Губернатор Енакиев и его друг. - Жандармский окружной начальник

  
   В первые же дни по приезде в Пермь меня очень занимала мысль о проделке вятской администрации с моим побегом. Кто и зачем это сделал?
   Зачем, - это мне было ясно: администрация расплачивалась со мною за язвительность стиля. Исправник мстил за жалобы на него губернатору, губернатор за жалобу министру, урядник за то, что постоянно оставался в дураках перед крестьянами. Мой побег и был, вероятно, состряпан после вызова урядника и совещания в Глазове, о чем мне говорил бисеровский старшина. Впоследствии, когда тайны архивов стали постепенно выходить на свет божий, в одном из сибирских журналов {"Сибирские вопросы".} были напечатаны выдержки из переписки "о государственном преступнике Короленко"*. Оказывается, что "во время пребывания в Глазовском уезде, в декабре месяце минувшего года Короленко самовольно отлучился из назначенного ему места жительства - Починка Березовского, при вершине Старицы Березовской, Бисеровской волости, и задержан был в селении Бисерове, отстоящем от названного Починка в 35 верстах".
   Читатель уже знает, что это была ложь. Я действительно отлучался для покупки сапожного товара, но не в Бисерово, а в ближайшее село Афанасьевское, никем при этом задержан не был и сам вернулся в Починки. Мне было очевидно, что это - распространительное толкование высочайшего указа и прямой подлог. Кто именно виновен в этом? Теперь мне кажется вероятным, что состряпано это урядником с благословения, пожалуй, Луки Сидоровича, но тогда я был уверен, что проделка не обошлась без санкции и губернатора Тройницкого *. Впрочем, и теперь я считаю это вероятным. Брат писал мне впоследствии, что некий член крестьянского присутствия Иванов жаловался губернатору на беспокойного ссыльного, который пишет крестьянам жалобы на притеснения местных сельских заправил и администраторов. Я оказывался, таким образом, "беспокойным человеком", а указ 8 августа 1878 года давал такое соблазнительное оружие для укрощения моего вредного влияния!.. Возможно, что губернатор посмотрел сквозь пальцы на "благонамеренный" подлог исправника.

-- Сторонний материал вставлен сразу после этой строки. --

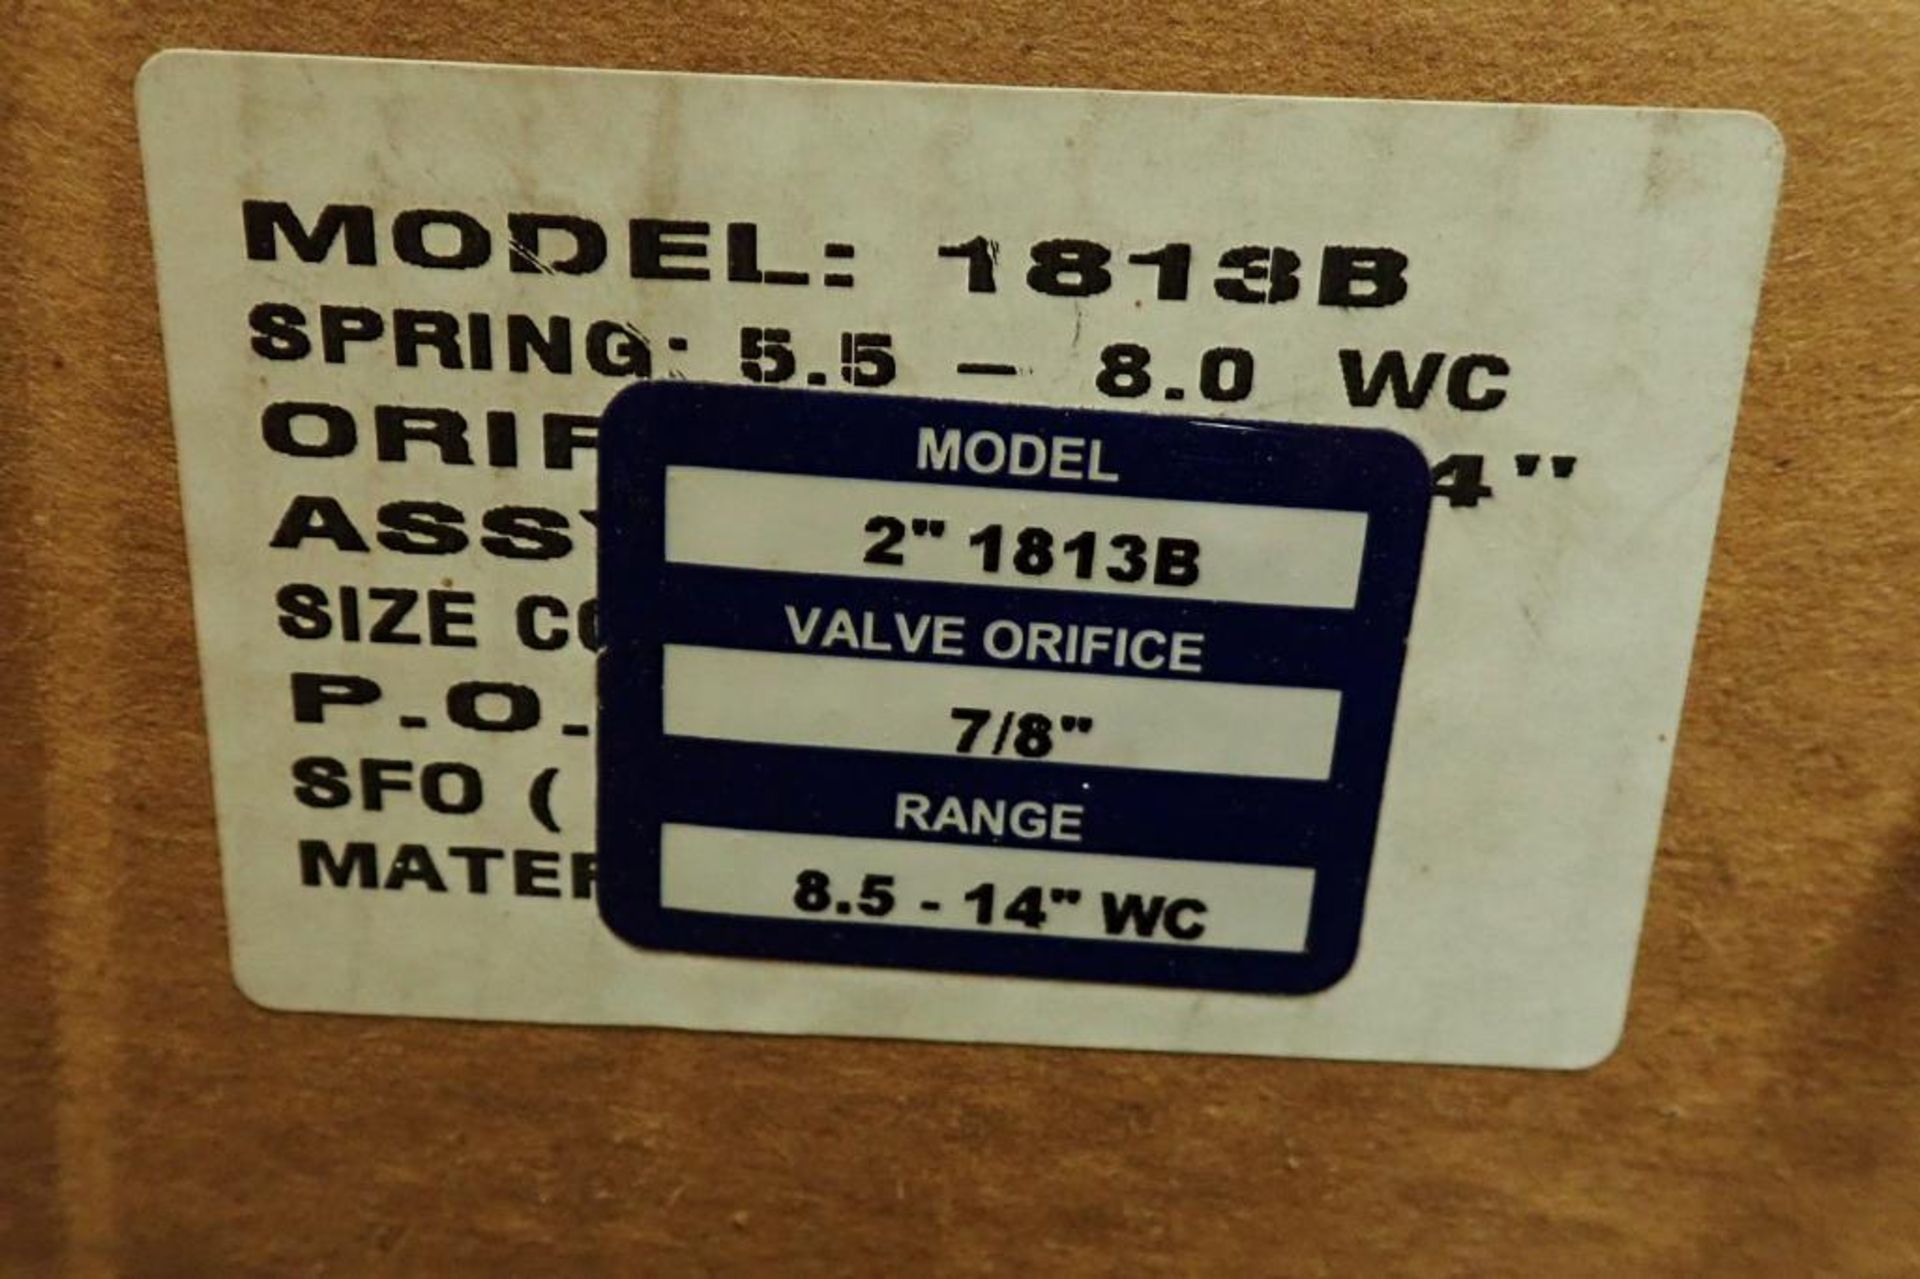 Unused American Meter Company gas regulator, Model 2 in. 1813B, 7/8 in. valve orifice, 1800/2000 ser - Image 6 of 6

   Как бы то ни было, мое негодование искало исхода, и я решил огласить этот эпизод в газетах. Для этого я написал письмо в редакцию "Молвы", в которое вложил много язвительности и горечи по адресу "административного порядка". Начав с того, что нынешние ликования кажутся мне несколько преждевременными, пока продолжаются прежние бессудные порядки, я закончил прямым вопросом, обращенным к вятской администрации, начиная с его превосходительства господина вятского губернатора, и кончая урядником: "где, когда, откуда я совершил побег, за который чуть не попал в Якутскую область?.. А ведь это шутка сказать,- не близко!.."
   Волохов, которому я прочитал это письмо до его отсылки, только улыбнулся. "Неужели вы думаете, что такое письмо напечатает какая-нибудь русская газета?" Правду сказать, я не думал этого, но не мог приняться за другие дела, пока не излил своих чувств в этом протесте, может быть и бесплодном. Письмо отправилось.
   Дней через десять, в какой-то праздник, Волохов, только что вернувшийся из общественной библиотеки, сказал мне, улыбаясь:
   - Сходите в библиотеку, там есть кое-что для вас интересное.
   Я пошел и увидел над одним из столов кучку читателей, со всех сторон склонившихся головами над номером, помнится, 312 "Молвы", в котором мое письмо было напечатано почти без сокращений *.
   Перед вечером того же дня ко мне пришел губернаторский служитель с запиской: губернатор просит меня придти к нему завтра утром для получения писем, пришедших на мое имя. Я отправился. Губернатор мне сообщил, что он сделал распоряжение, чтобы мои письма доставлялись ему. Я понял. Он не решил еще, можно ли официально обходиться без контроля моей переписки, а если бы письма шли через полицию - они были бы непременно вскрыты. Передав мне (не вскрытыми) письма от матери и сестры, он положил руку на лежавший на столе номер газеты и сказал серьезным тоном:
   - А теперь,- вот это... Скажите, господин Короленко... Вы о двух головах, что позволяете себе писать и печатать такие письма!.. Ведь это... прямое публичное обвинение вятской губернской администрации в злоупотреблении высочайшим указом, и даже... в подлоге.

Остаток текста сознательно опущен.